With the continued flattening of the load curve in places with large and growing concentrations of data centers, the gap between the lowest and highest daily power prices is narrowing to the point that further battery investments may become less economic. In that case, the positive trend in Texas of enhancing grid reliability through added energy storage coupled with low-cost renewables may weaken. In contrast, battery projects in California benefit from regulatory market design that compensates them, under long-term contracts, for resource adequacy through a framework that recognizes a storage facility’s ability to shift energy from times of surplus to times of need. Even for existing energy storage facilities in Texas, higher data center demand both on- and off-peak potentially means less surplus solar power generation may be available to maintain sufficient battery state of charge over extended periods of high loads, such as during a severe multi-day storm like Winter Storm Uri.
Winter Storm Uri in February 2021 caused many Texas generators to go offline just as electricity demand for heating spiked. According to the 300-page final analysis by FERC, NERC and NERC’s six regional entities, ERCOT (the Texas grid operator) ordered a total of 20,000 MW of rolling blackouts in an effort to prevent grid collapse, representing the largest manually controlled load shedding event in U.S. history.

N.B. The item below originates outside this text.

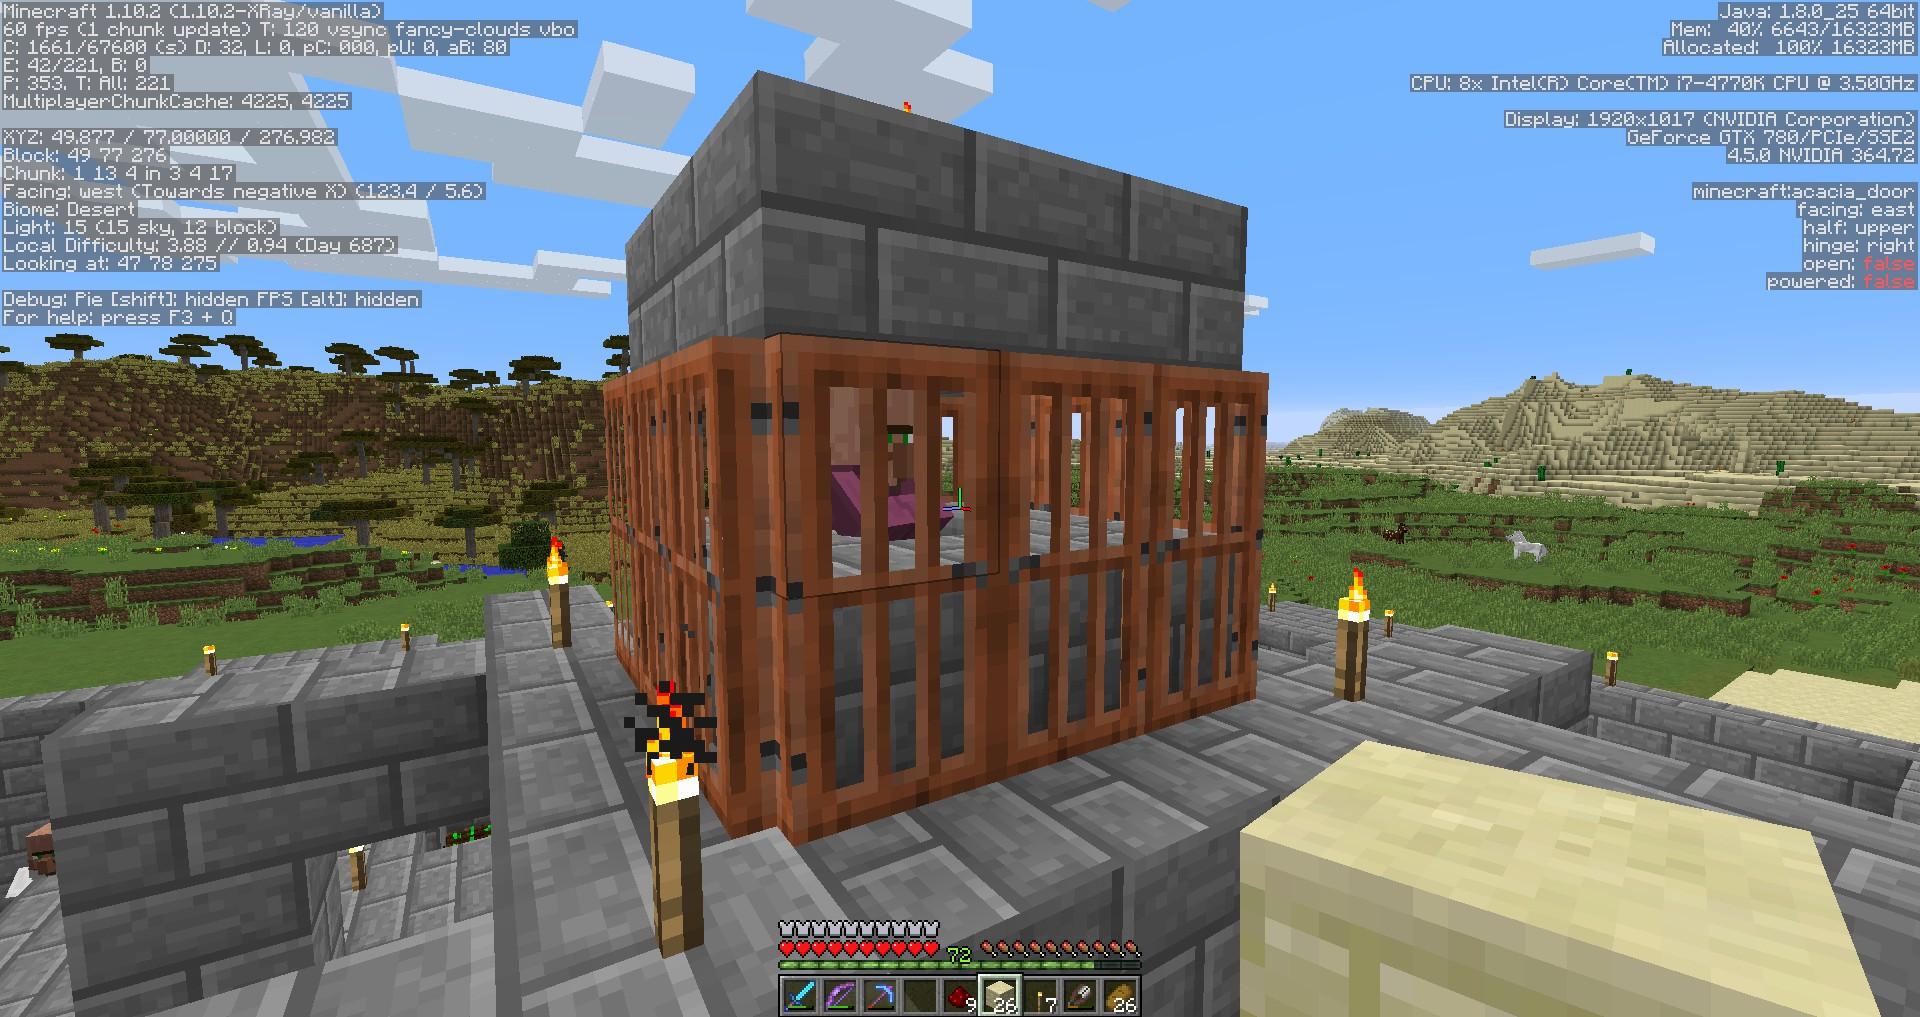 Villager trading system minecraft

More than 4.5 million people in Texas lost power for up to four days. ERCOT found that forced outages and deratings (and supply volatility) were overwhelmingly weather-related, with equipment issues and fuel limitations playing a significant role. The grid operator could not accurately predict available supply as generators continually went in and out of service.
According to the ERCOT final report on the power system collapse, the highest amount of unavailable capacity during the period of February 14 to 19, 2021 occurred at about 8:00 AM on February 16 and was 52,037 MW, or the majority of the typically available total capacity. Weather-related equipment failures plus thermal generator outages or derates due to lack of fuel, contaminated fuel, fuel supply instability, low gas pressure, or less efficient alternative fuel supply together contributed to the massive grid failure along with transmission loss, cascading frequency deviations and automatic tripping due to under-frequency protection relays and automatic or manual tripping and plant control system issues related to the frequency deviation.
The Texas grid has become significantly more resilient since 2021 thanks to large investments in new wind, solar PV and battery storage capacity, weatherization of power plants and gas infrastructure, and new state energy market regulations. This year, winter is forecasted to be warmer than average in Texas, the Southwest and the Southeast. So, the risk of another winter Texas grid collapse is low.
For other parts of the county, though, winter is coming and, with it, elevated risk of power curtailments, interruptions and shortages. Utilities and grid operators are preparing accordingly. Bundle up.